- [PROVIDED MATERIAL]
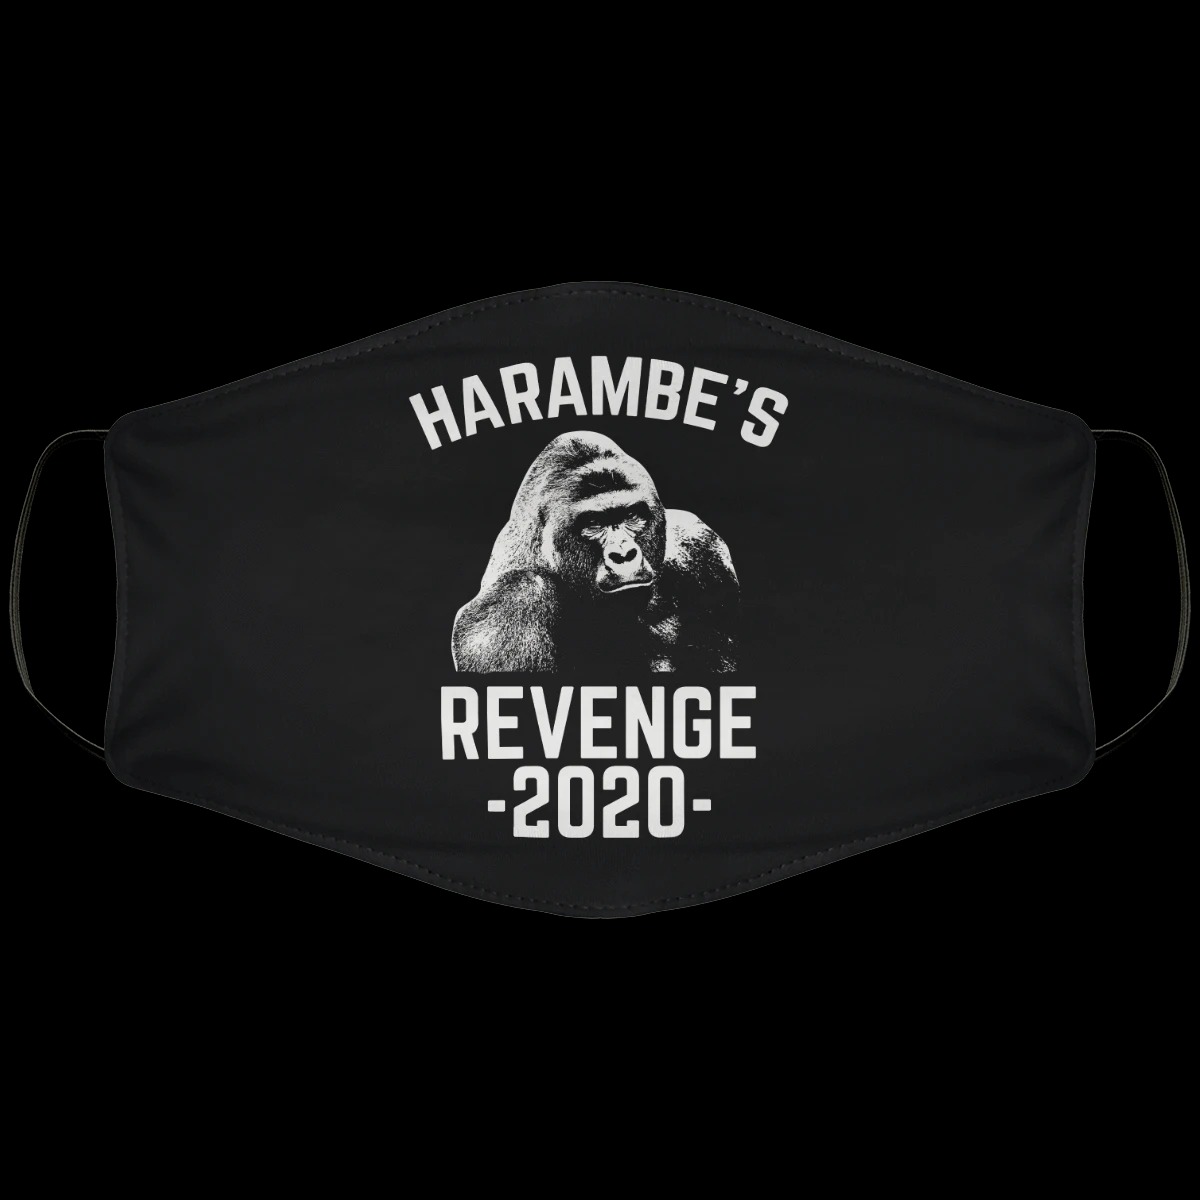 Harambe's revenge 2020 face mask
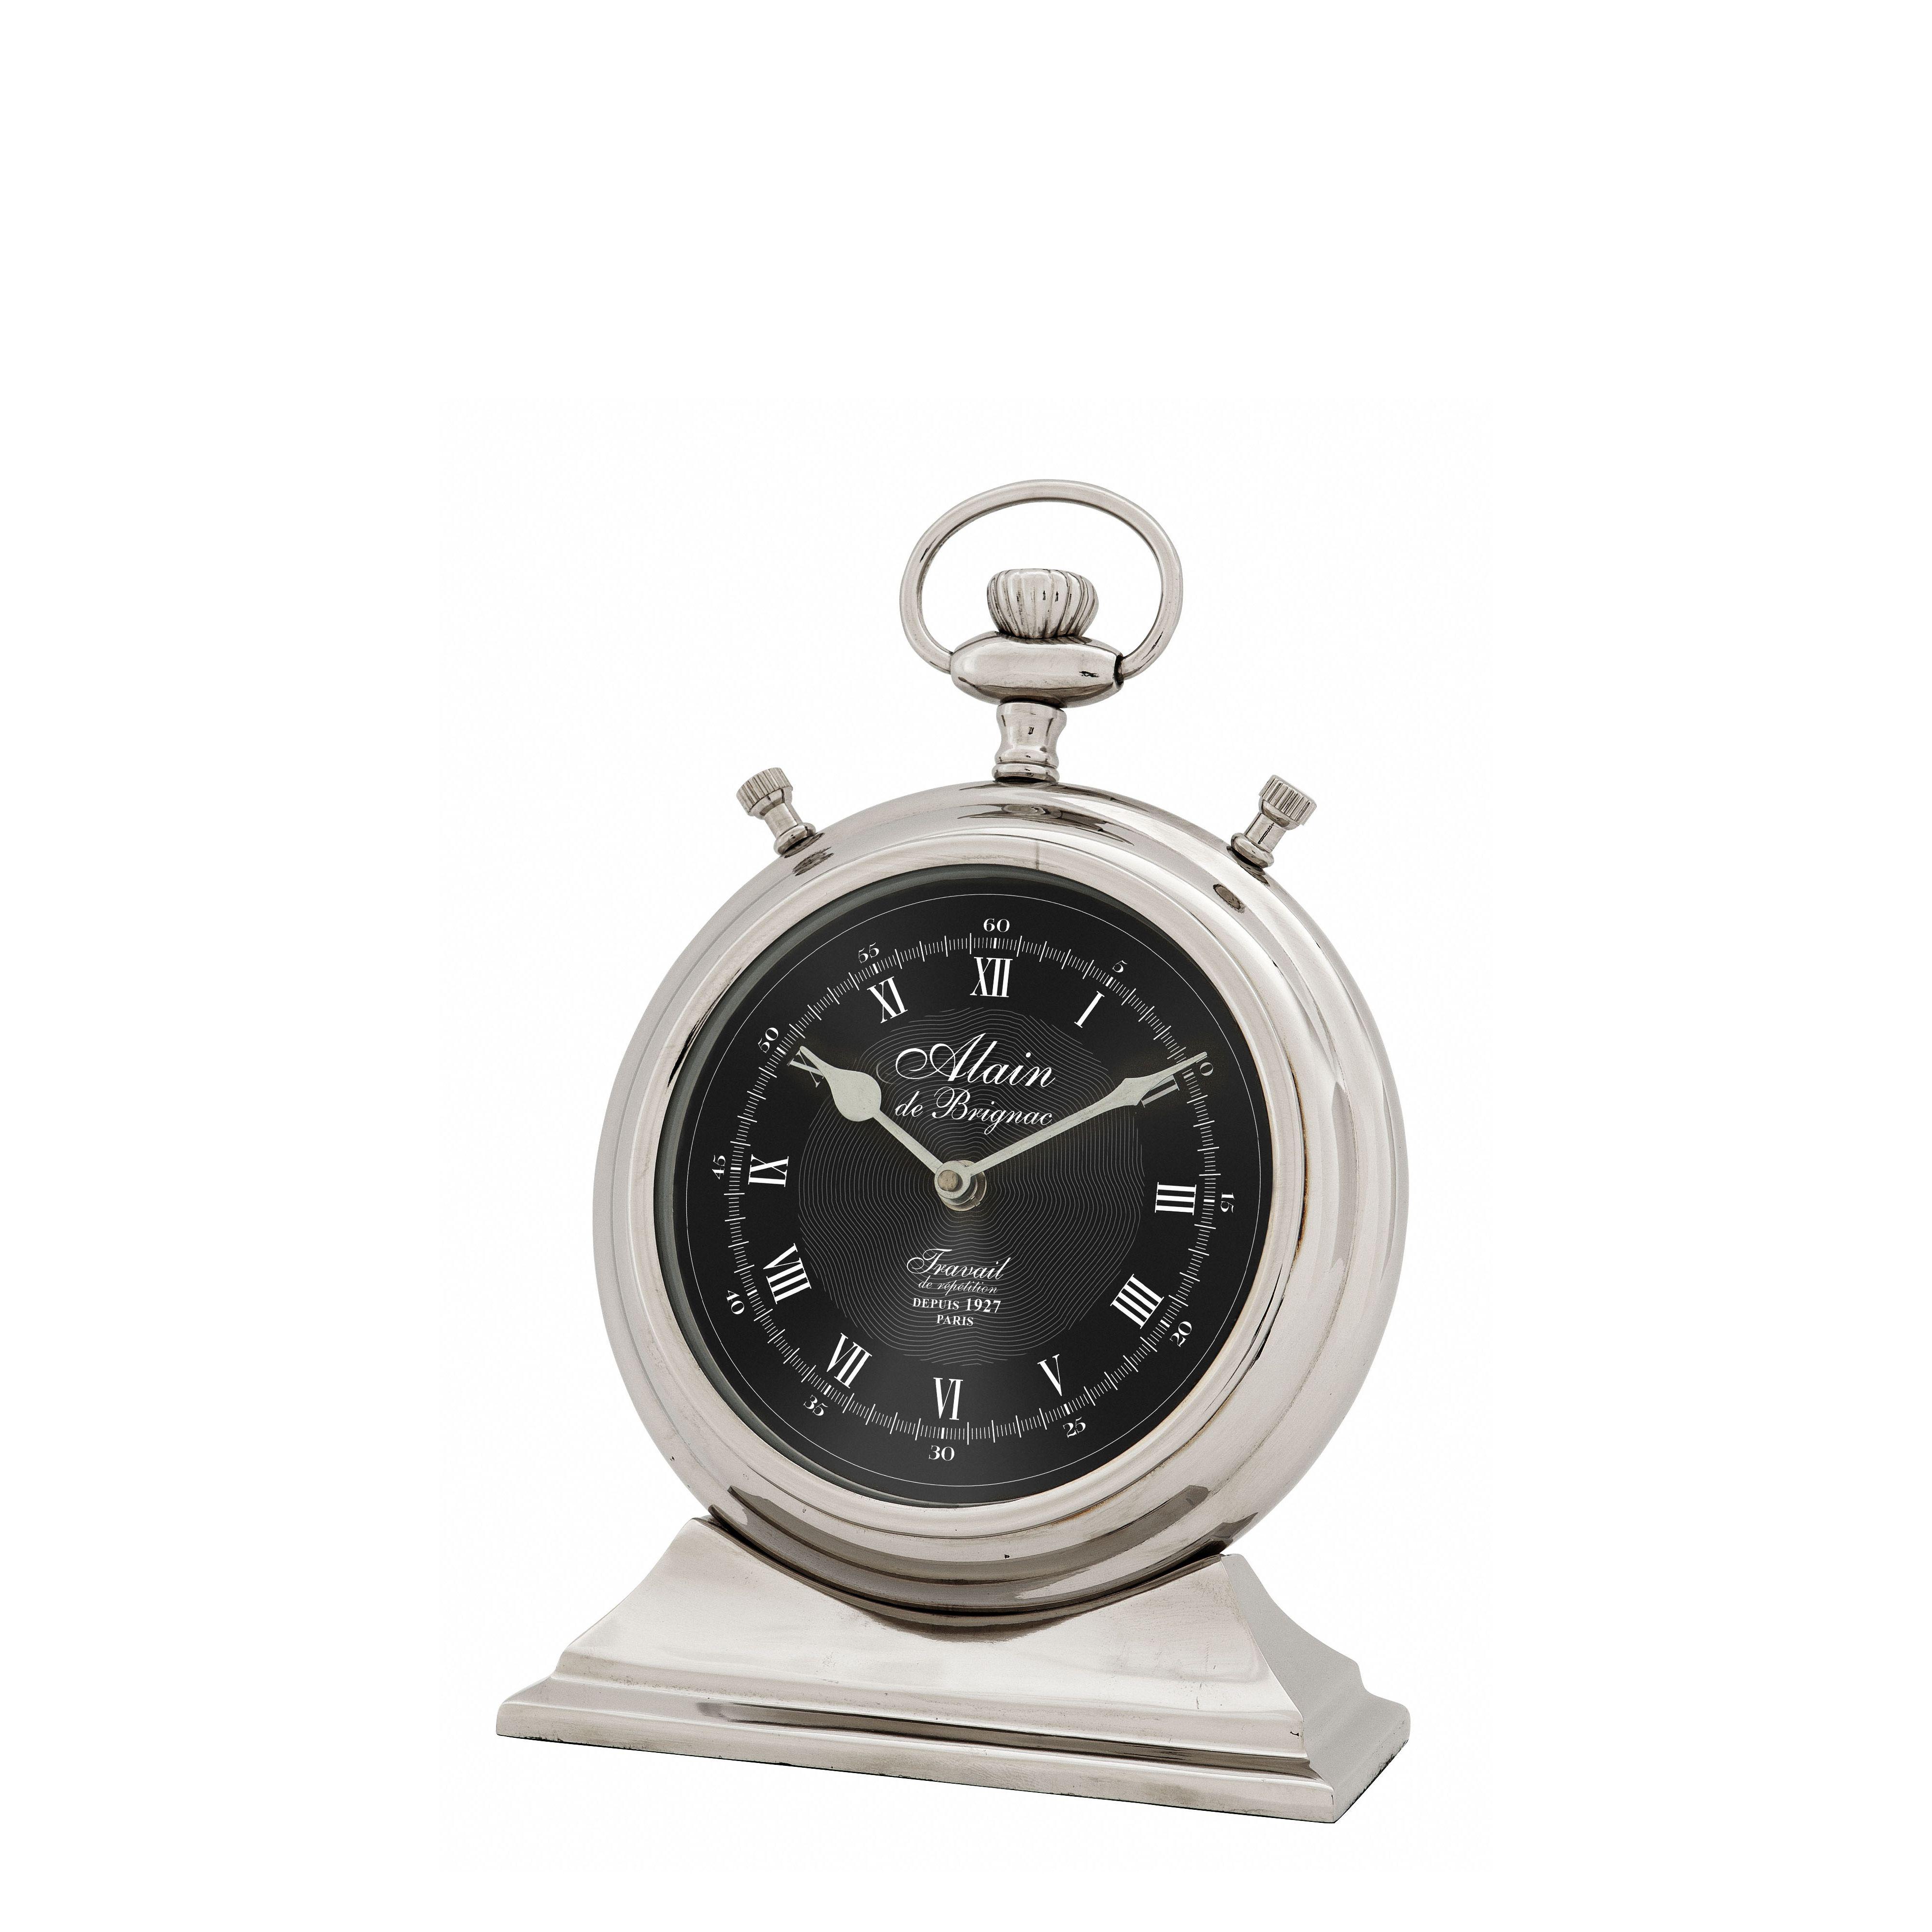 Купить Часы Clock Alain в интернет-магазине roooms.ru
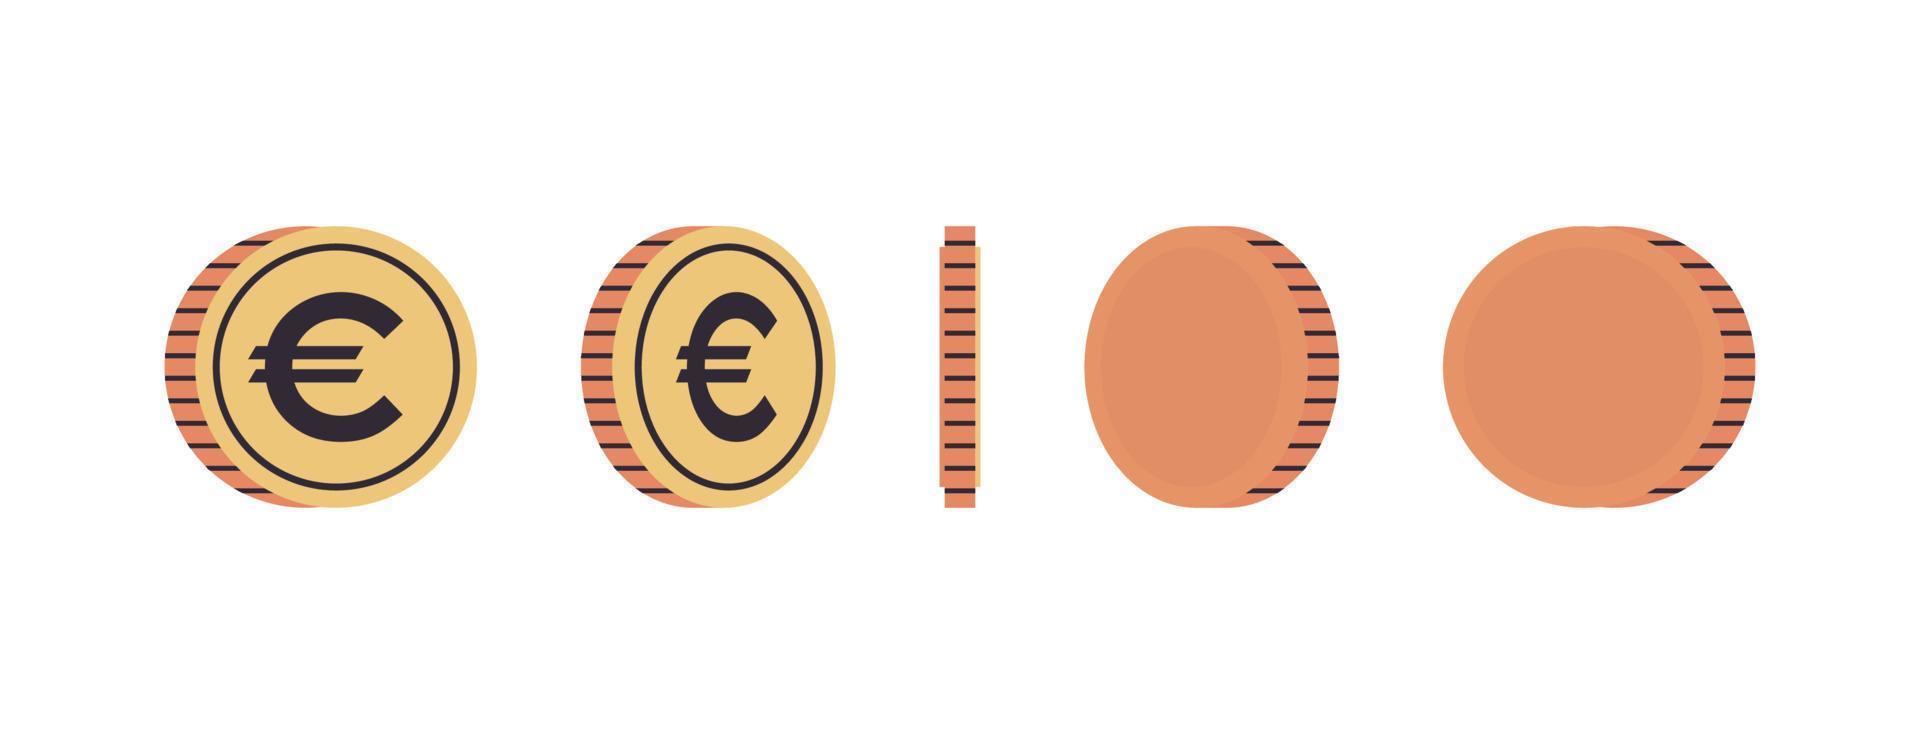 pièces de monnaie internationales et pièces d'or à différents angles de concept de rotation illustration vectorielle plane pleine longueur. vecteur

- [PROBLEM DESCRIPTION]
Nothing but the lines from the line containing "Купить Часы Clock" through the last line of the material may be output, and they must be copied exactly, without pictures.

- [YOUR SOLUTION]
 Купить Часы Clock Alain в интернет-магазине roooms.ru
 pièces de monnaie internationales et pièces d'or à différents angles de concept de rotation illustration vectorielle plane pleine longueur. vecteur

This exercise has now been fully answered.